Modeling embedded designs - Part 2: Modeling method examples
Editor’s Note: In Part 2 of a four-part tutorial on modeling tools, Shelley Gretlein of National Instruments reviews the various modeling methods available to the embedded developer and compares their strengths and weaknesses.
Modeling languages, like programming languages, are well-defined and standard language grammars used to express structural and functional actors and their key relationships over time. Different forms of modeling languages have evolved over time for specific domains. When evaluating modeling languages, it is important to keep in mind the specific domain for which the language is best suited.
The University of California at Berkeley created the term 'Model of Computation' to define Domain Specific Modeling Languages. The critical notion is that modeling languages provide the most productivity benefit to a designer when they cater specifically to a given problem domain. This is both intuitive and true from observed practice, but as we know, designers and modelers, like programmers, can have a healthy bias for their individual language preferences even when ill-suited for the actual task at hand.
Modeling languages take many forms and are either graphical or textual:
Graphical modeling languages use a diagram technique, with named symbols representing concepts, lines connecting the symbols to represent relationships, and various other graphical notations to represent constraints.
Textual modeling languages use standardized keywords accompanied by parameters to make computer-interpretable expressions
There are several key aspects of modeling languages to evaluate: graphical versus textual; documentation, simulation, or execution oriented; and whether they are focused on architectural-level or implementation-level content. Figure 5 captures these dimensions and overlays several standard modeling techniques and approaches.
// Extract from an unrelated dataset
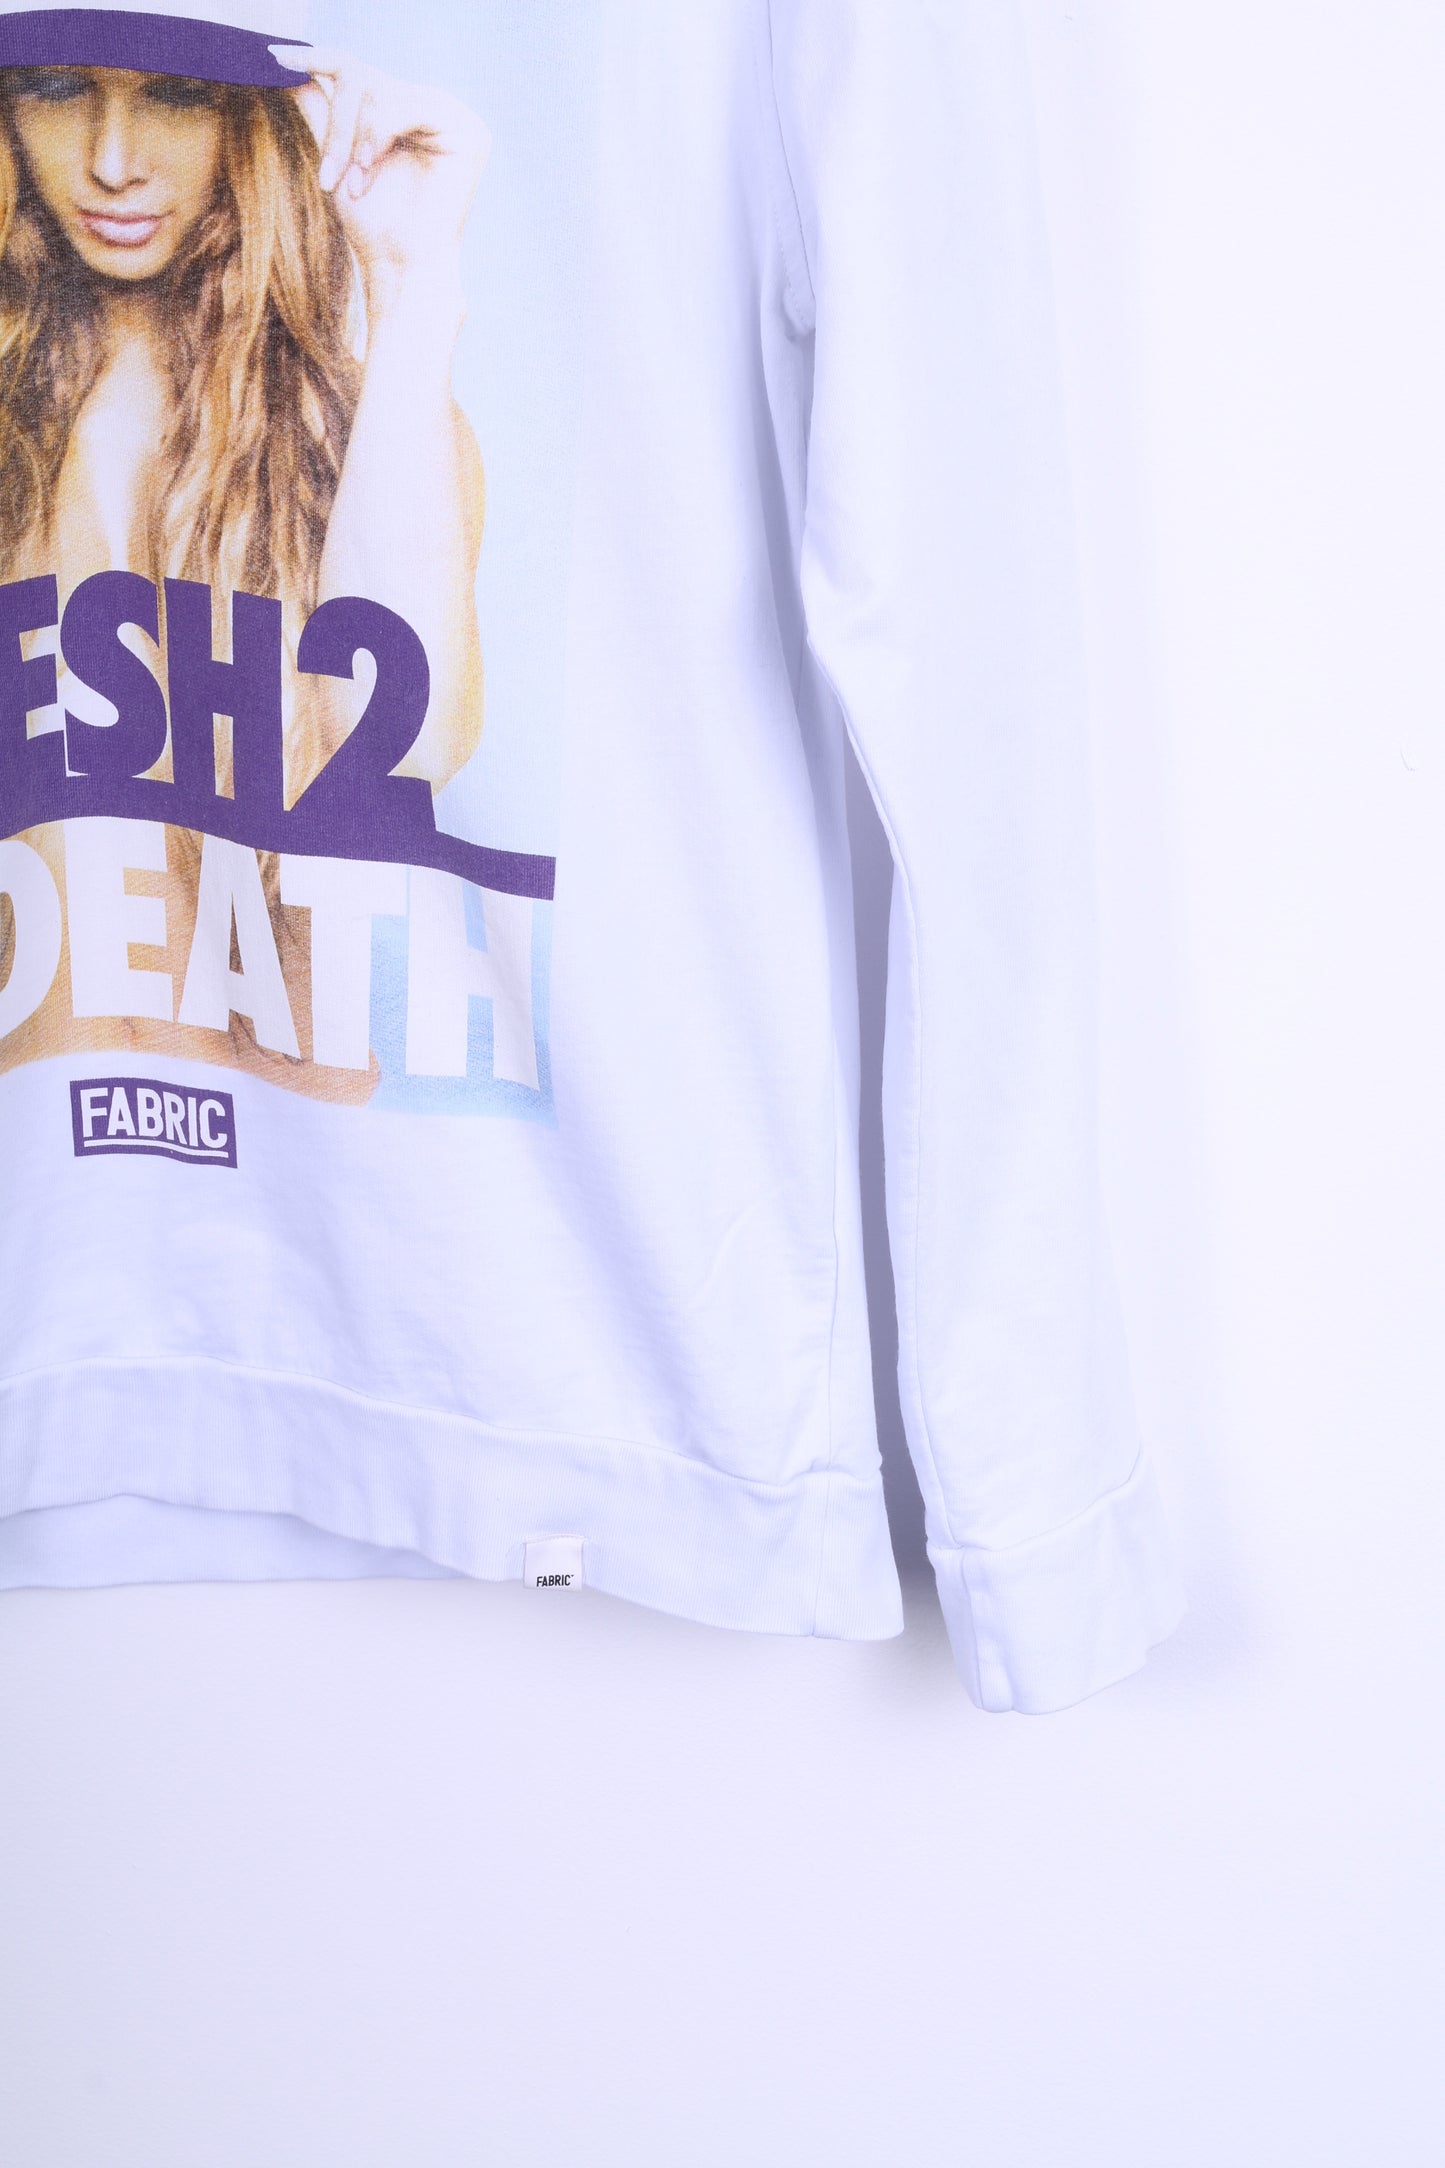 FABRIC Sweat-shirt XL pour femme Blanc Fresh2 Death Cotton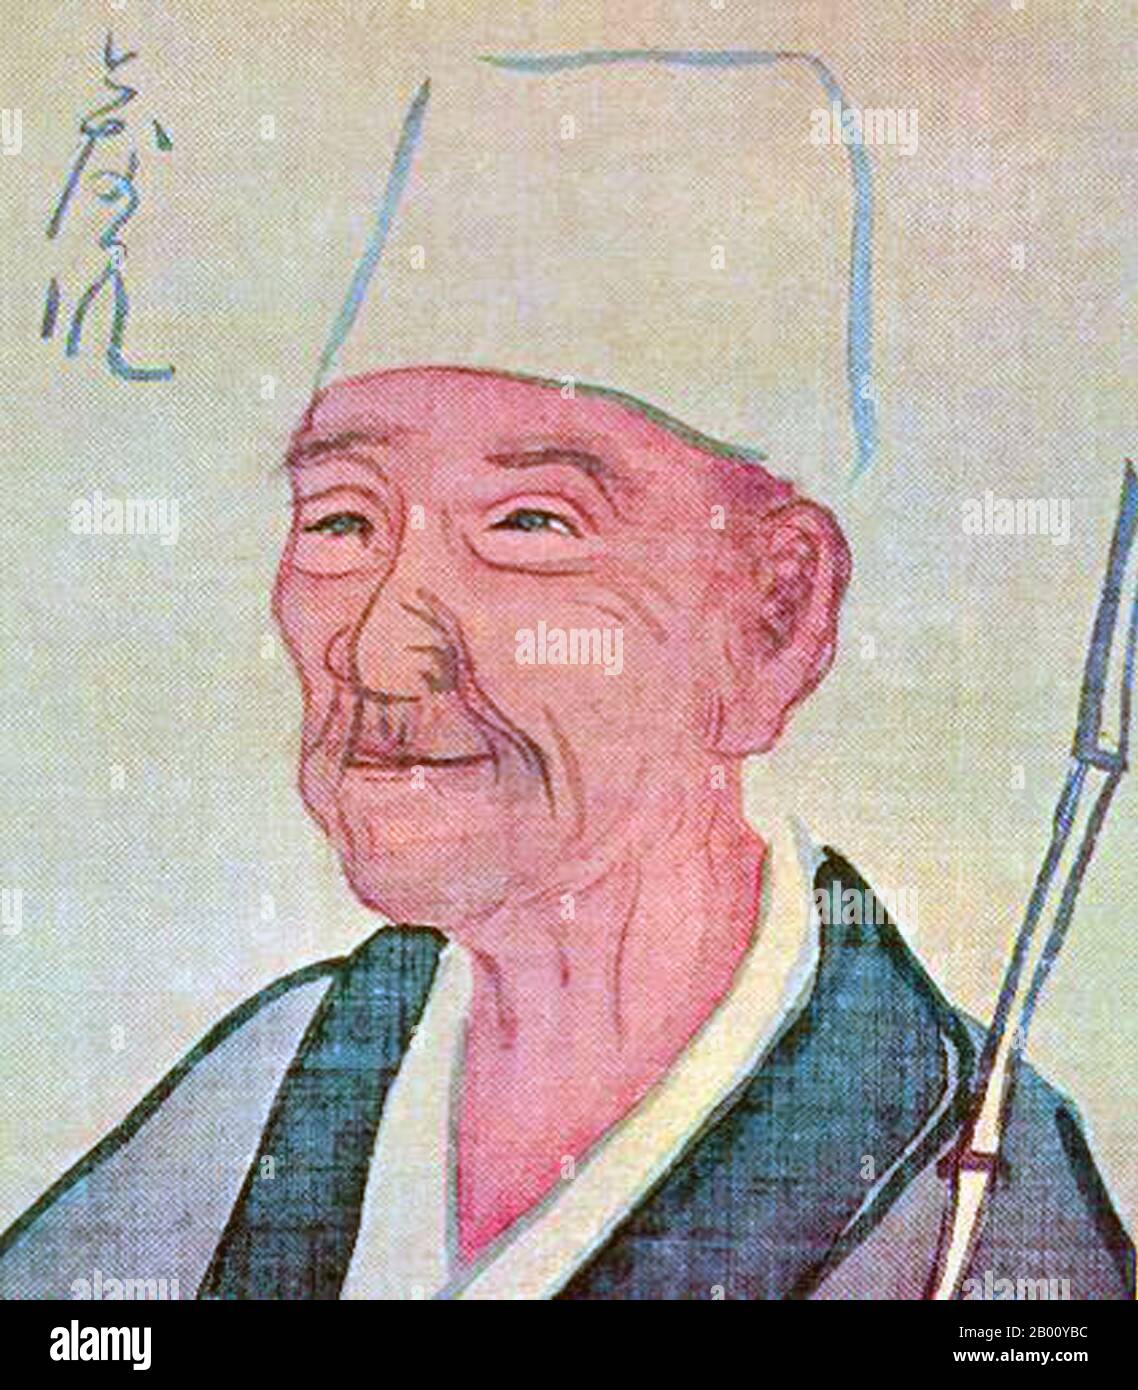 Japan: Matsuo Basho (1644-1694), Dichter und Schriftsteller, insbesondere von Haiku Vers, Edo-Periode (1603-1868). Matsuo Basho (1644 – 28. November 1694) war der berühmteste Dichter der Edo-Zeit in Japan. Zu seinen Lebzeiten wurde Basho für seine Werke in der kollaborativen Haikai no renga-Form anerkannt; heute, nach Jahrhunderten der Kommentare, wird er als Meister des kurzen und klaren Haiku anerkannt. Seine Gedichte sind international bekannt, und innerhalb Japans werden viele seiner Gedichte auf Denkmälern und traditionellen Stätten reproduziert. Stockfoto

Moving out of the abstract view of modeling, we can see what it looks like in practice with a few different software approaches. Below in Figures 6 through Figure 11, we use a PID (proportional-integral-derivative) control algorithm (a common algorithm used in control applications based on a generic feedback loop) to help you see a documentation lens as well as the varied visuals and implementation capabilities. As you scan these code snippets, note the value and differences in creating abstraction boundaries – some are clear, some are non-existent.
The standard implementation languages of C, C# and hundreds of other programming languages (Figures 6 and 7) fit in the implementation and execution-oriented cell represented in Figure 5 above.
Among the more prominent hybrid or dual-purpose models are state charts (Figure 8) and their more prohibitive sibling Finite State Machines (FSMs.) These modeling languages are useful in capturing higher-level architectural views. They are able to run in simulation with a high-fidelity, natural mapping to native execution, or the ability to easily map the language to the compiler/execution engine.
Models like time-based simulation (Figure 9) can specify algorithmic simulation, but then require a code-generation step into one of the execution-dominant programming languages like C, VHDL, or G.
The quality of the code generation, the naturalness with which the model can map to execution, and the breadth of expressiveness of the model all dictate the quality of the simulation-based approach.